*Work to complete*
Output exactly, and only, the lines below from the one with "招行xing/用卡天天福利抽爱奇艺视频月卡(截止4月25日)" down to the one with "Max Trac MaxPro". Include both end lines and no pictures.

*Input data*
***
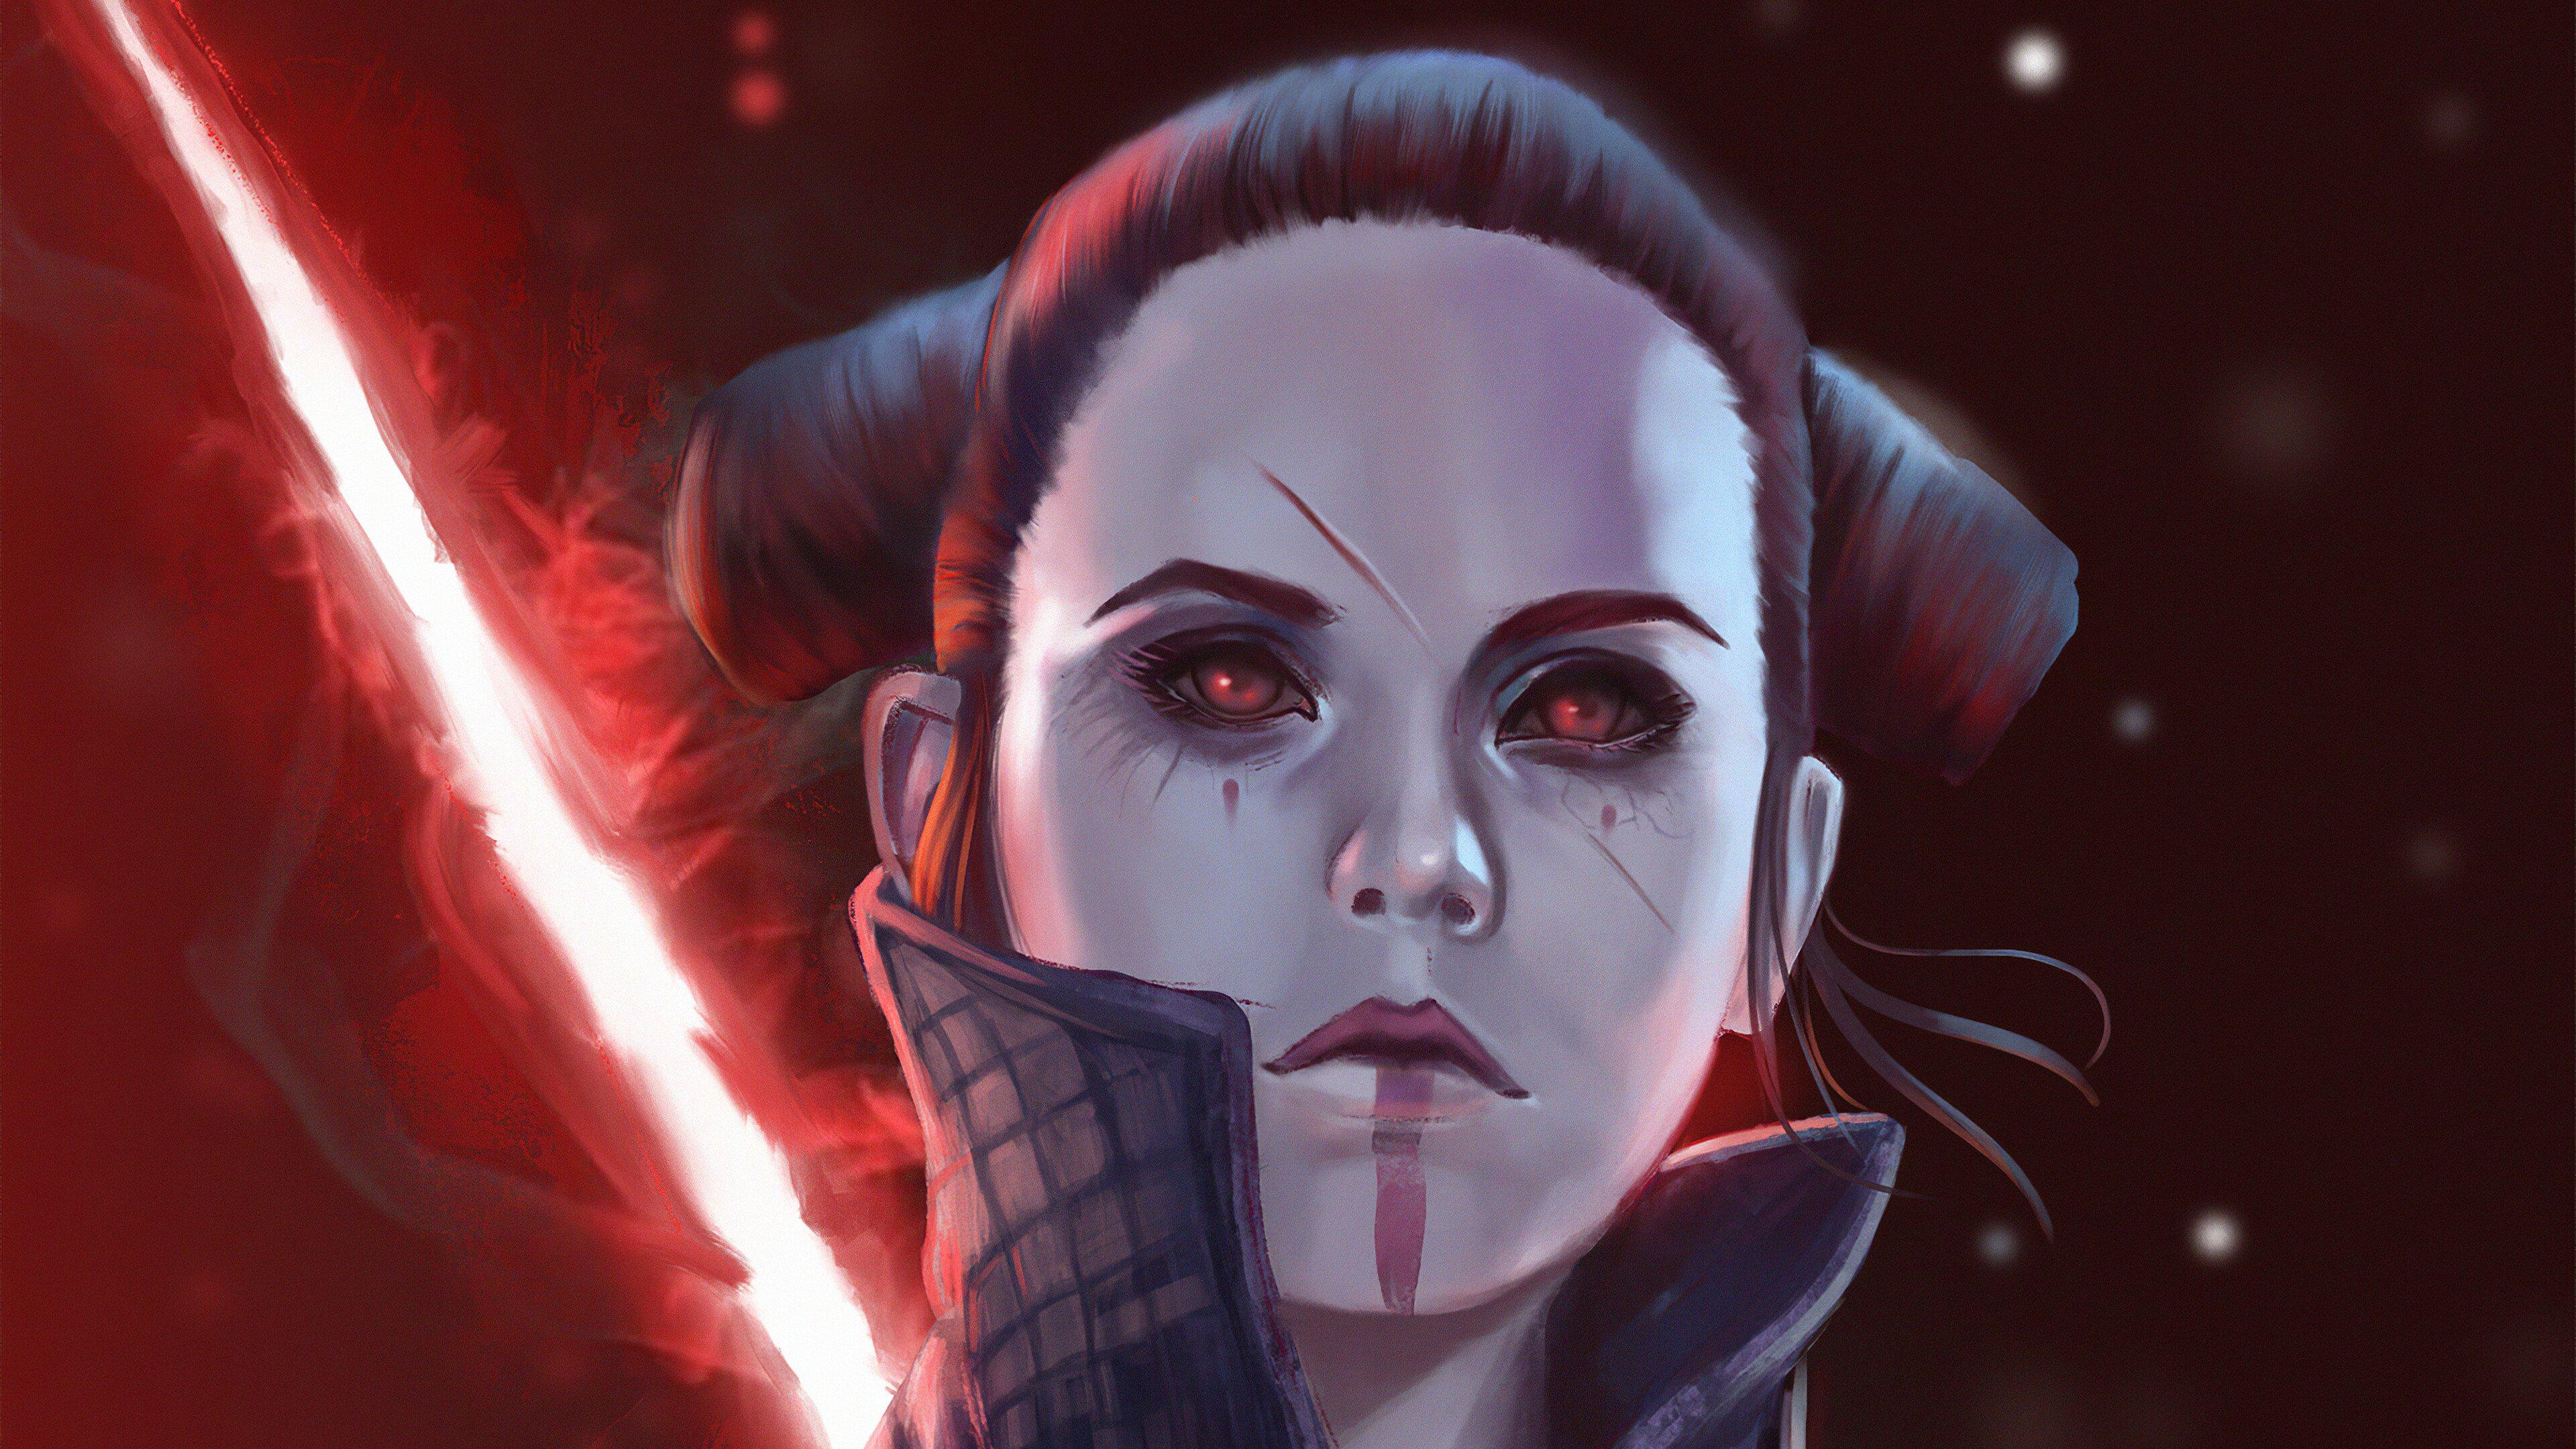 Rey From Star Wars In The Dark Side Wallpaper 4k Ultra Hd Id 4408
***
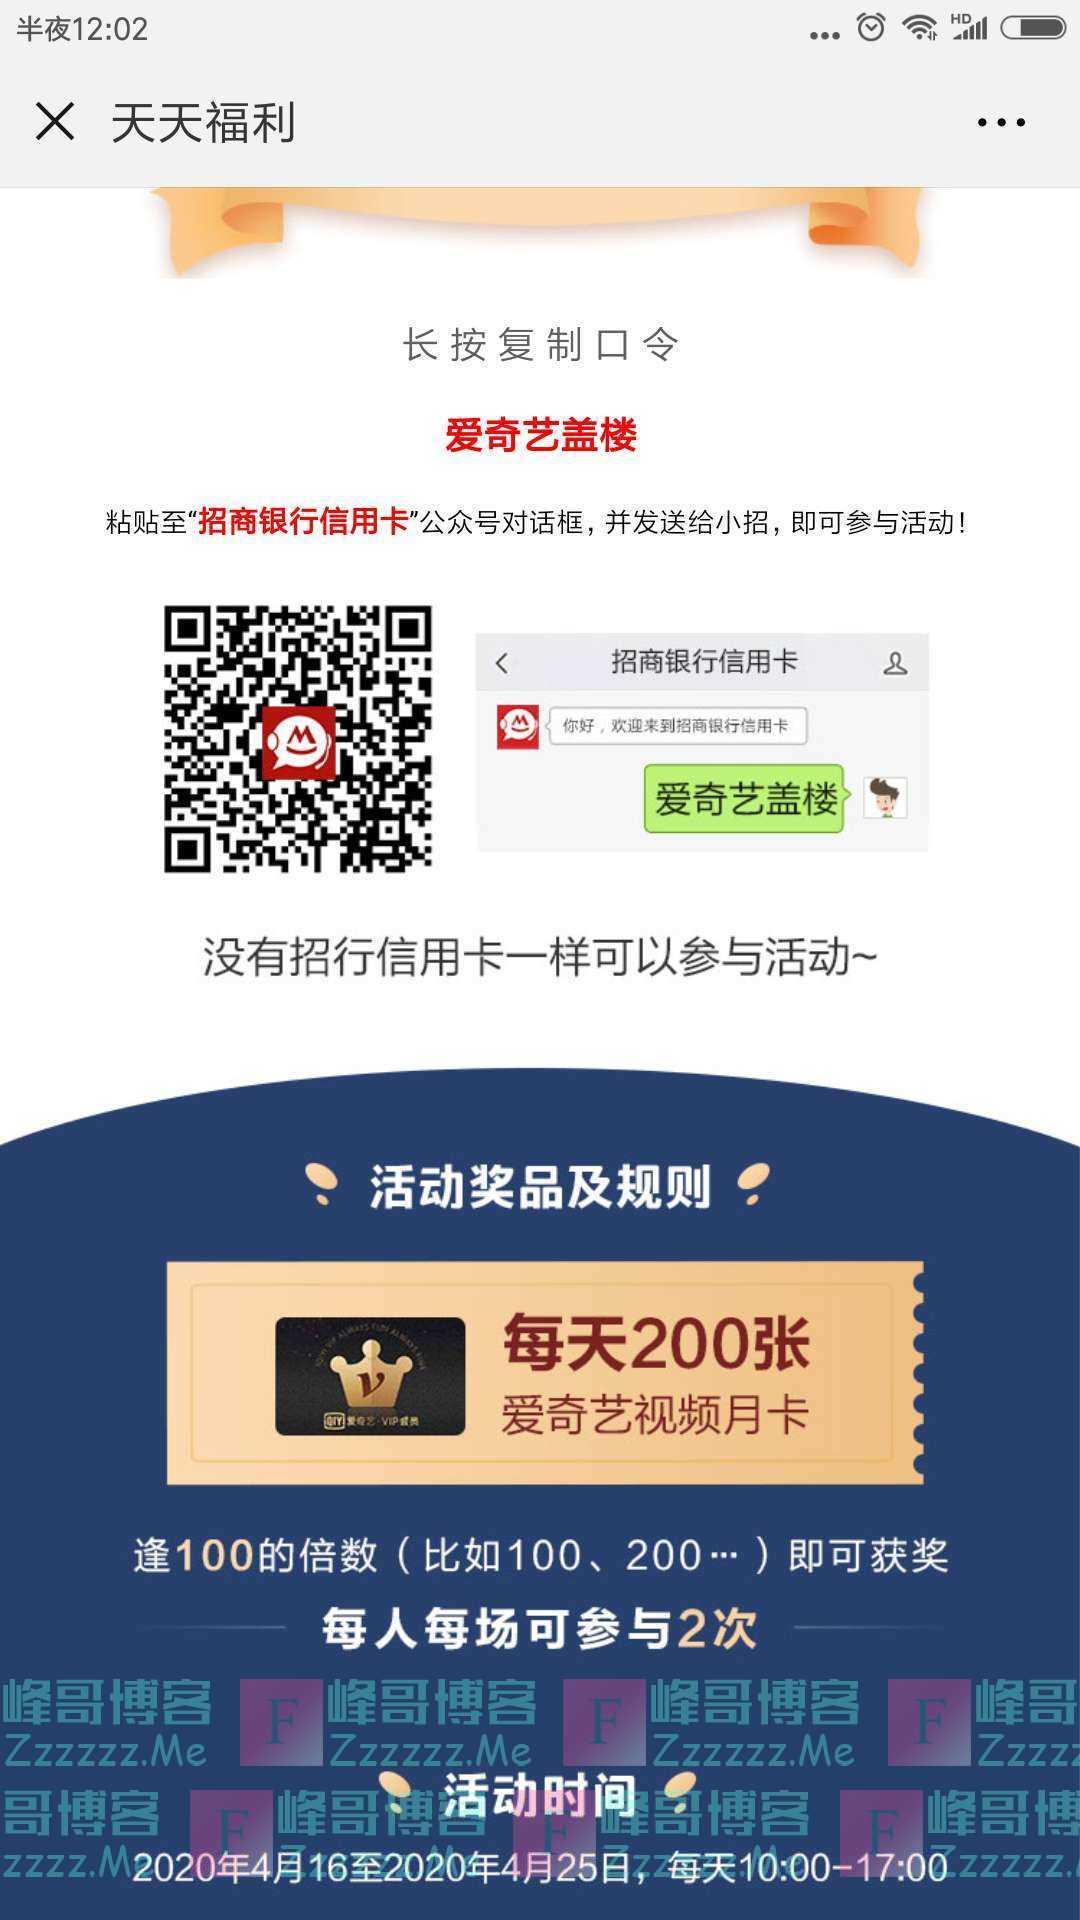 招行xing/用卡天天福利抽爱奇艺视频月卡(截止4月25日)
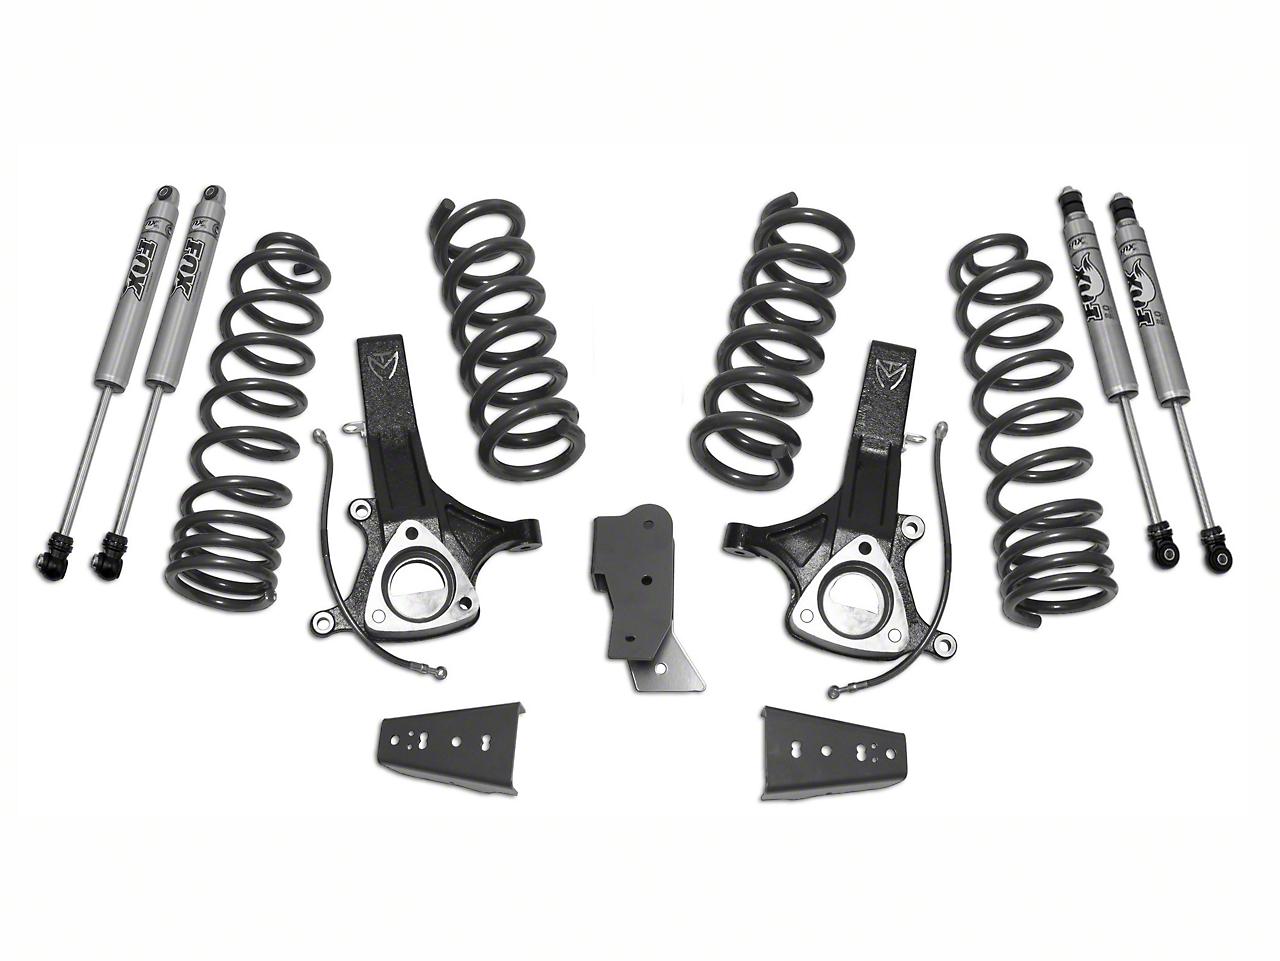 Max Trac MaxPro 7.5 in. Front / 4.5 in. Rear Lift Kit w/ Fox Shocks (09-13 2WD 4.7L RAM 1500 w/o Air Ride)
***
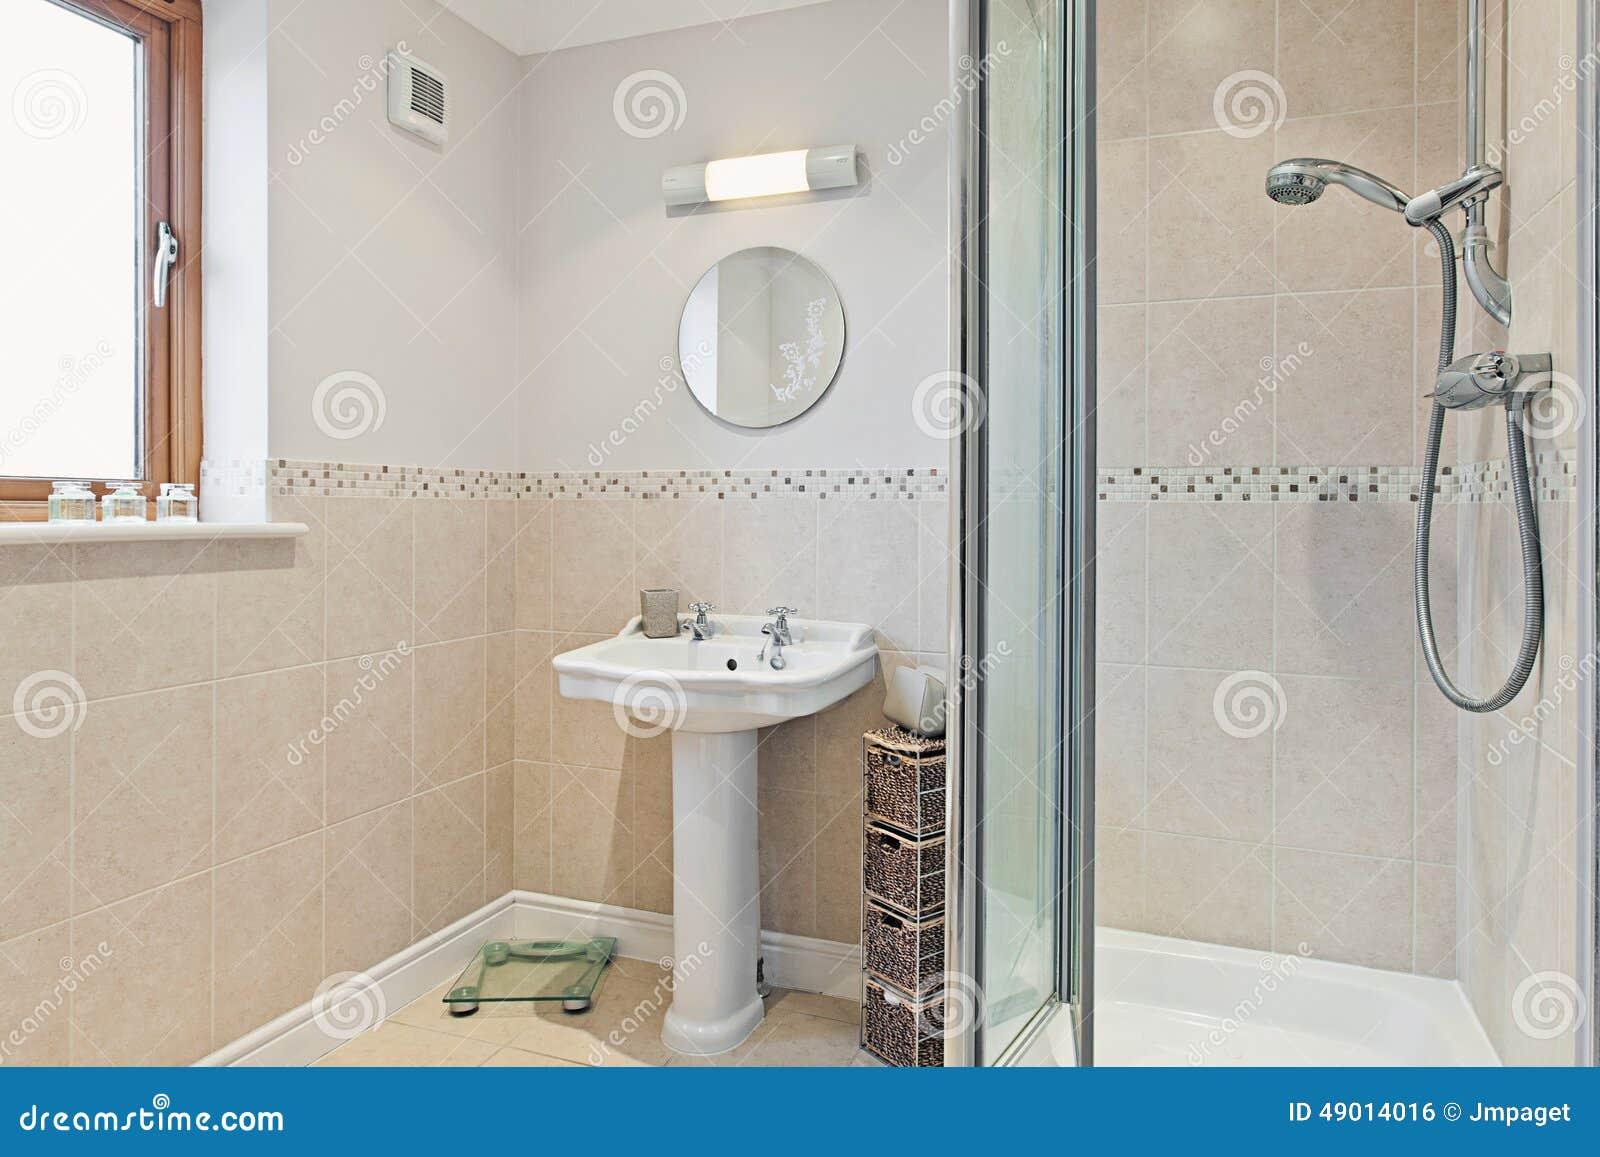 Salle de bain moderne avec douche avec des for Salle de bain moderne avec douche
***
*Output for this task*
 招行xing/用卡天天福利抽爱奇艺视频月卡(截止4月25日)
 Max Trac MaxPro 7.5 in. Front / 4.5 in. Rear Lift Kit w/ Fox Shocks (09-13 2WD 4.7L RAM 1500 w/o Air Ride)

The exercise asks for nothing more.